Lost on Planet China - J. Maarten Troost [83]
“Remind me to start investing in cranes,” Jack said.
Guangzhou, of course, was huge, another of the mega-cities that China specializes in. Three quarters of the world’s tall building cranes are in China, an unsurprising statistic for anyone who’s been to China, but a source of wonder to first-time visitors like Jack, who’d encountered his first true Chinese city. On our way to the hotel, we passed enormous work sites, construction zones with on-site shanties for the migrant workers. Guangzhou is also a rich city; the per capita GDP is about $10,000, making it one of the wealthiest cities in the country. Like Shenzhen, it was favorably located near Hong Kong. But of course, as elsewhere, an endless layer of pollution hung in the air. We battled our way through mad, crazy drivers until we crossed over a small bridge and found ourselves on Shamian Island.
This island in the middle of Guangzhou had once been a Western outpost. Like lepers, early traders from Europe and the United States had been isolated here on this small sliver of land in the Pearl River, and even today the island retains a Western focus. On every corner, there are statues of American kids engaged in some Rockwellian endeavor—fishing, playing tag, reading a story on Grandma’s lap, and otherwise carrying on like storybook characters circa 1931. It was, frankly, a little creepy.

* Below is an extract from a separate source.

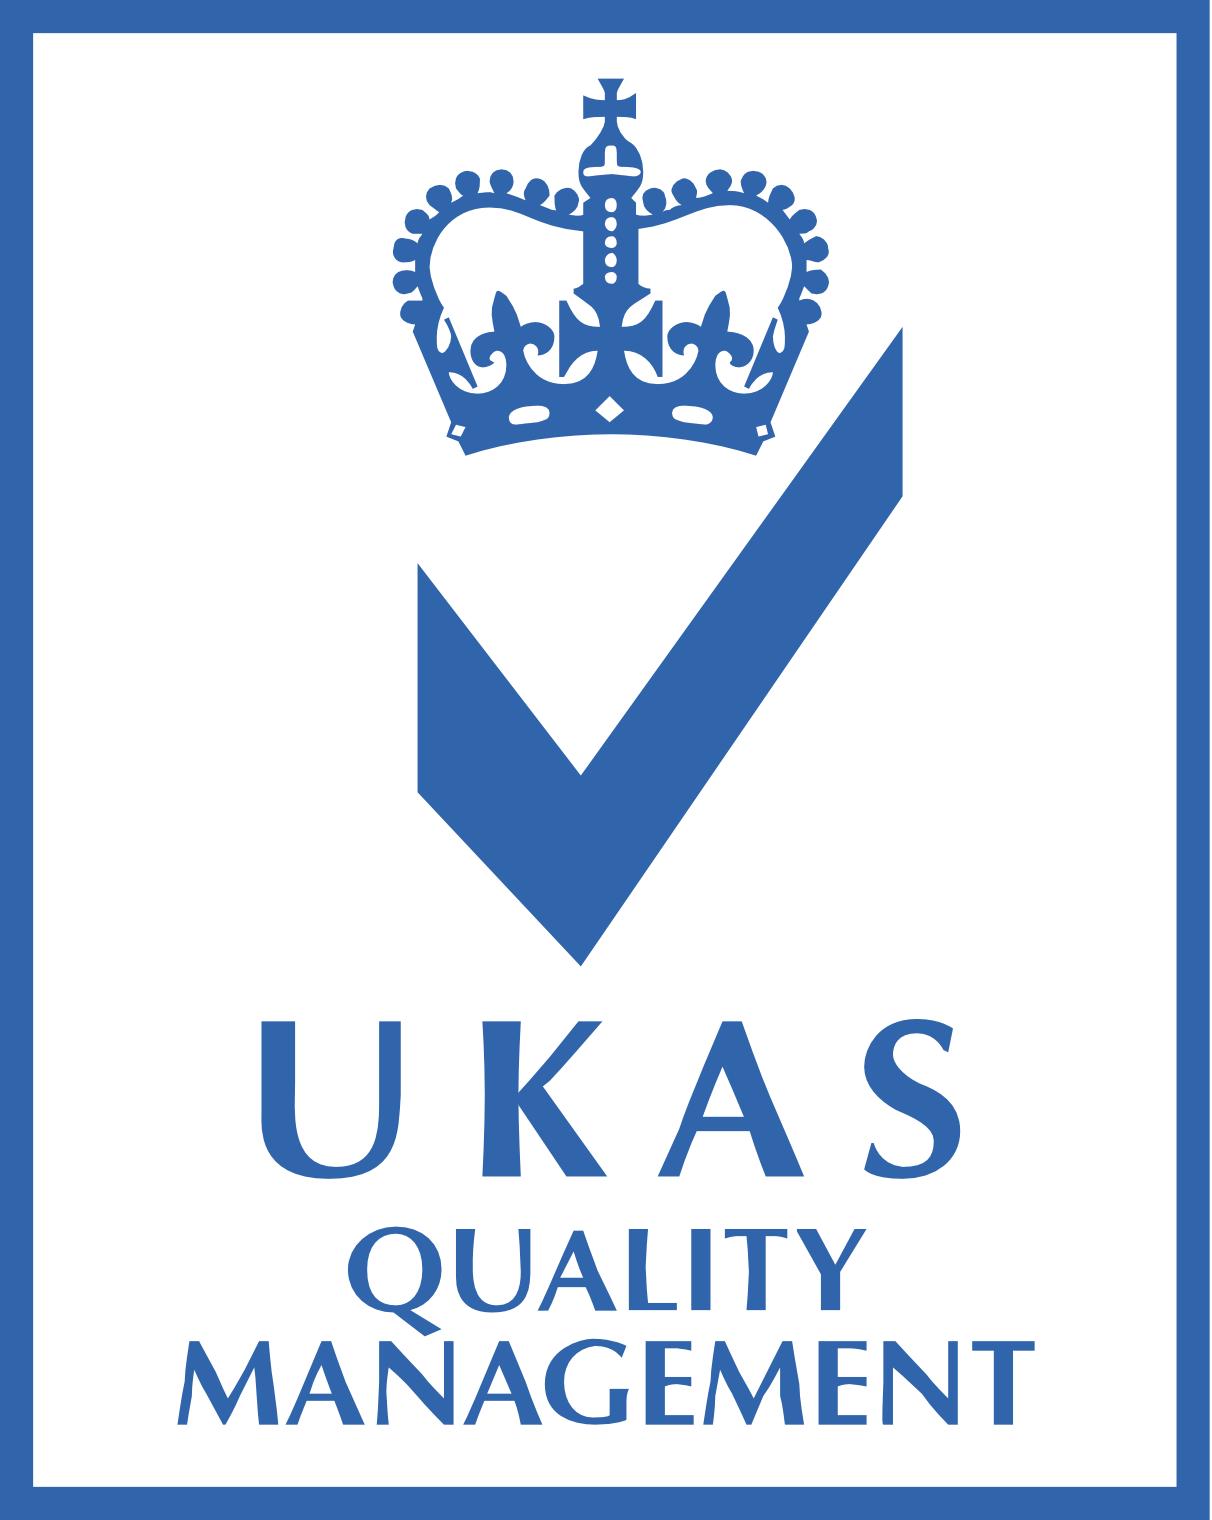 ukas-quality-management-seeklogo.com.png

But then we noticed all the American couples pushing strollers. The American Consulate was on Shamian Island, and this was the last stop for couples adopting Chinese babies. Laundry shops offered free strollers. A shop sign informed passersby that a jade pendant means Mother–Daughter. We counted dozens of new parents. Like so much in China, the scale could be unsettling. But, of course, this was good, this economy of scale in adopted babies. Fate was smiling on these children. Almost all were girls, and China, as we know, is a hard place for girls. So I was pleased to see hundreds of Americans pushing strollers with Chinese babies as we drove past. These children would have lives. They would be taken care of. They would be loved. So this was good.

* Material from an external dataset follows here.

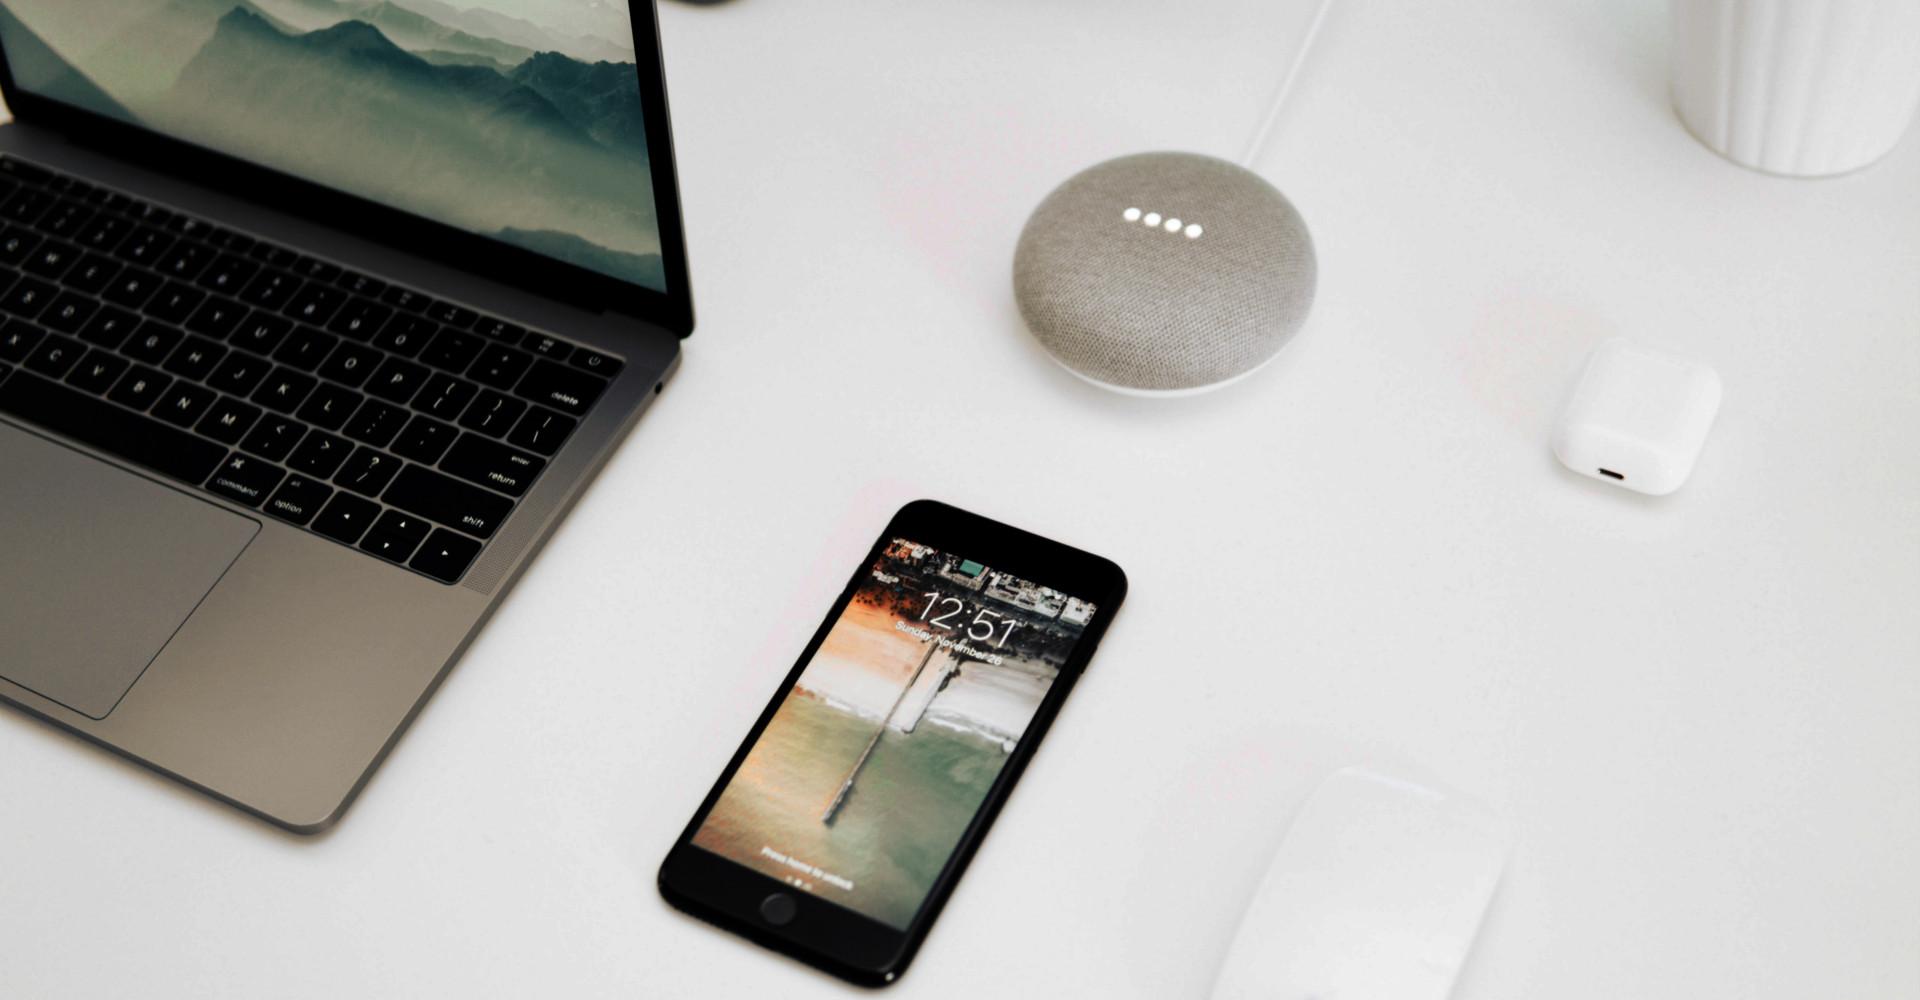 Google Smart Home Mini, ein Laptop und ein Smartphone

Still, I’d never seen so many babies in my life. After checking into our hotel, we walked around the neighborhood and watched men console wailing infants and women prepare bottles. Most of these new parents looked to be a bit older. Things had changed in America; women had professions, dreams that needed fulfilling. Life was complicated. But biology had remained the same: tick-tock, tick-tock, and then the buzzer sounded. And so now hopeful parents came to China. And there were so many of them that China could now afford to be picky about where it placed its unwanted babies. There were income standards, of course. And marriage was required. And you couldn’t be fat. There will be no fat parents of Chinese children, the government had declared.
We continued moseying around the island, which was strangely peaceful. We could hear women singing through an open window; boys played soccer on the cobblestone streets as if they were in provincial France. This was hardly the urban China I’d come to know. We wandered through the leafy streets, past the Guangdong Animal By-Products Import and Export Corp., until we reached a table of vendors selling watches, whereupon Jack decided to buy one.
“You’re a brave man,” I noted. “Buying a watch in China is not for the meek.”
“How much for this watch?” Jack said, pointing to a huge, ornate timepiece that claimed to be a Bulgari.
“Four hundred yuan.”
“Okay,” Jack said, reaching for his wallet.
“You know,” I interjected, “I’m going to go out on a limb here and say that now is when you’re supposed to start bargaining. You’re insulting his culture by agreeing to the first price.”
The vendor, however, didn’t look insulted. Instead, he looked rather annoyed at me.